J, a very good friend from high school, is moving back to the Philippines with his wife, after five years of life abroad, and M and I, along with some other friends, met up with him on Monday. J's wife, in fact, has already resigned from her job and has been here since August, making preparations for a business that the couple will be launching by the end of the year.
On Wednesday, I shared a very nice conversation with A, whom I haven't seen in awhile, but of whom I expect to be seeing much more, as he is returning to the teaching profession beginning next semester.
On Saturday night, CD (whom I had also just had dinner with on Tuesday night) and I attended the wedding of another friend of ours from grade school/high school. The wedding was quite a reunion; several friends from high school whom we hadn't seen in years were present! There was much excited squealing; long after the program at the reception ended, people were still milling around, catching up with one another.
Finally, finally, finally ... it's done! After don't-ask-me-how-many years, I have finally earned my degree. My thesis defense on Friday went well, and Mike and my aunt prepared a wonderful salu-salo for my colleagues and me afterwards. (Thanks, Mike and Auntie W.!)
So I've been pretty ecstatic since Friday, riding on a wave of relief and of a deep sense of accomplishment.
And now, wow, I can actually think about other things ....
I have a silly theory, well-known among my colleagues, that everybody is, deep down, an elitist of some sort. We've even had conversations about this at work, trying to identify what kind of elitist each colleague is: one is a literature elitist, another a nature elitist (looks down on people who don't enjoy nature), another a Filipiniana elitist, another a reverse-elitist (considers people who aren't pro-poor beneath him), another a comic book elitist ....
Well, I've found the perfect quiz to test my theory: The Elitist Quiz (from Tris' blog).
And this is what I am:
From Timbuktu to Tijuana, you know all about world culture and politics.

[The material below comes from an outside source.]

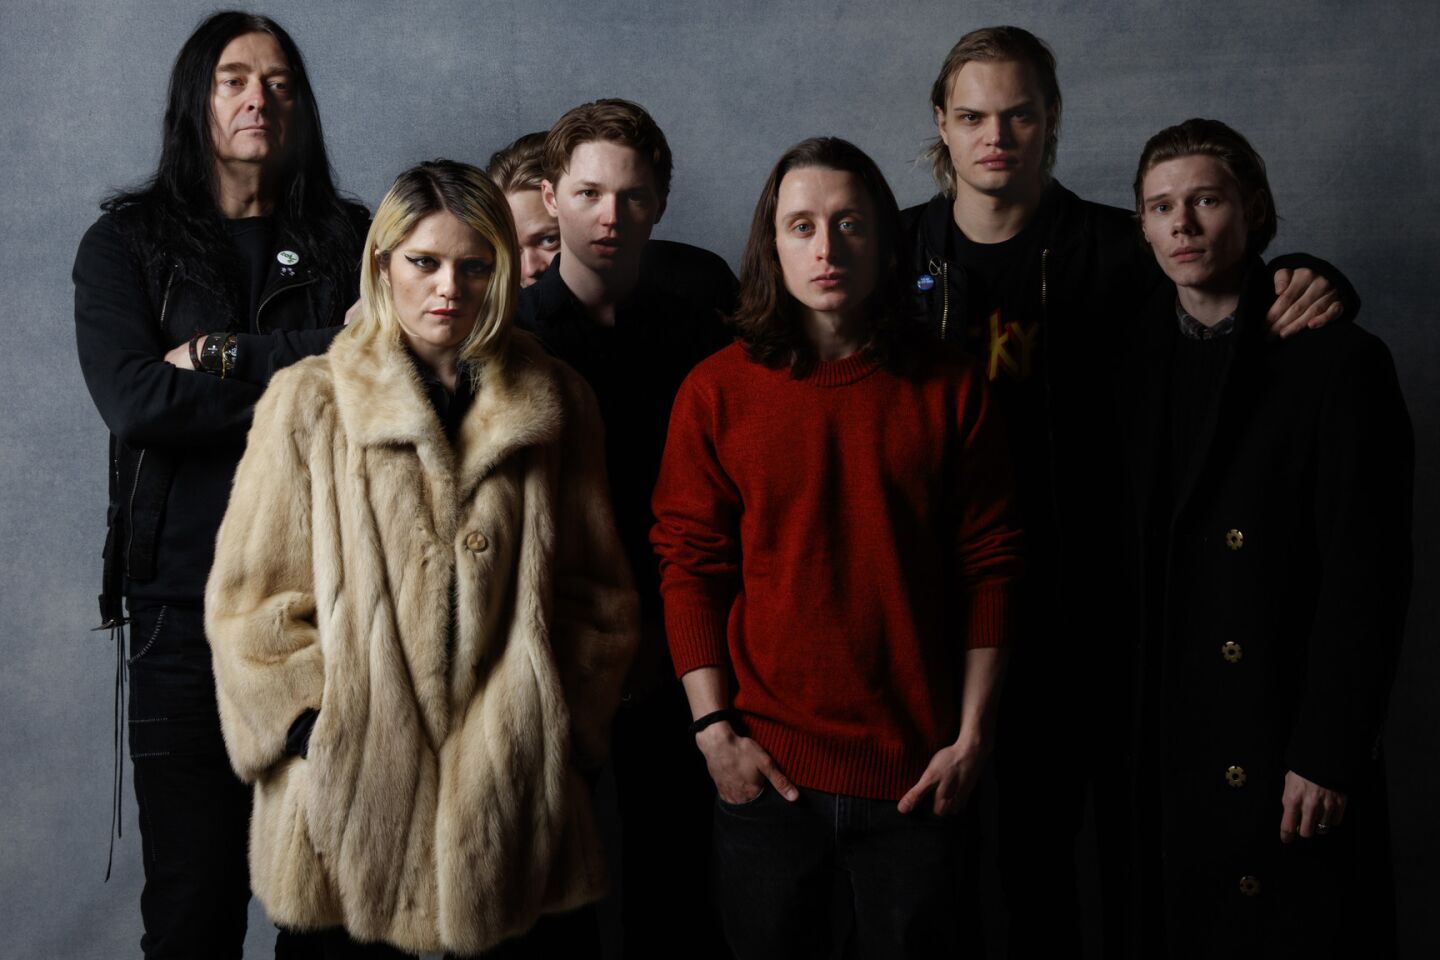 Director Jonas Akerlund, from left, actress Sky Ferreira, actor Valter Skarsgard, actor Jack Kilmer, actor Rory Culkin, actor Wilson Gonzalez and actor Lucian Charles Collier, from the film "Lords of Chaos."

You've seen it all, and what you haven't seen, you watched on one of the "smart people channels." Your friends tell you that you should run for governor.
What people love: You've always got a great story to tell.
What people hate: You make them feel like ignorant plebians. Sometimes you slip and CALL them plebians.
I got home from a dinner with friends late on Friday night, and I caught the breaking news reports on TV about the violence that had erupted in the Russian hostage crisis. The TV images--of half-naked children running desperately away from the school, many of them bloodied--disturbed me more than those of 9/11 had. It was most difficult to watch one particular scene (on CNN, I think) of a crying mother rubbing the face of her dead child that lay on the grass.
Depiscable, that anyone should use children in that way, and there are no words to describe such horror.
AP Photo/Ivan Sekretarev
AFP/Viktor Drachev
Let's pray for all the victims--those who died, those who survived, and those who are mourning.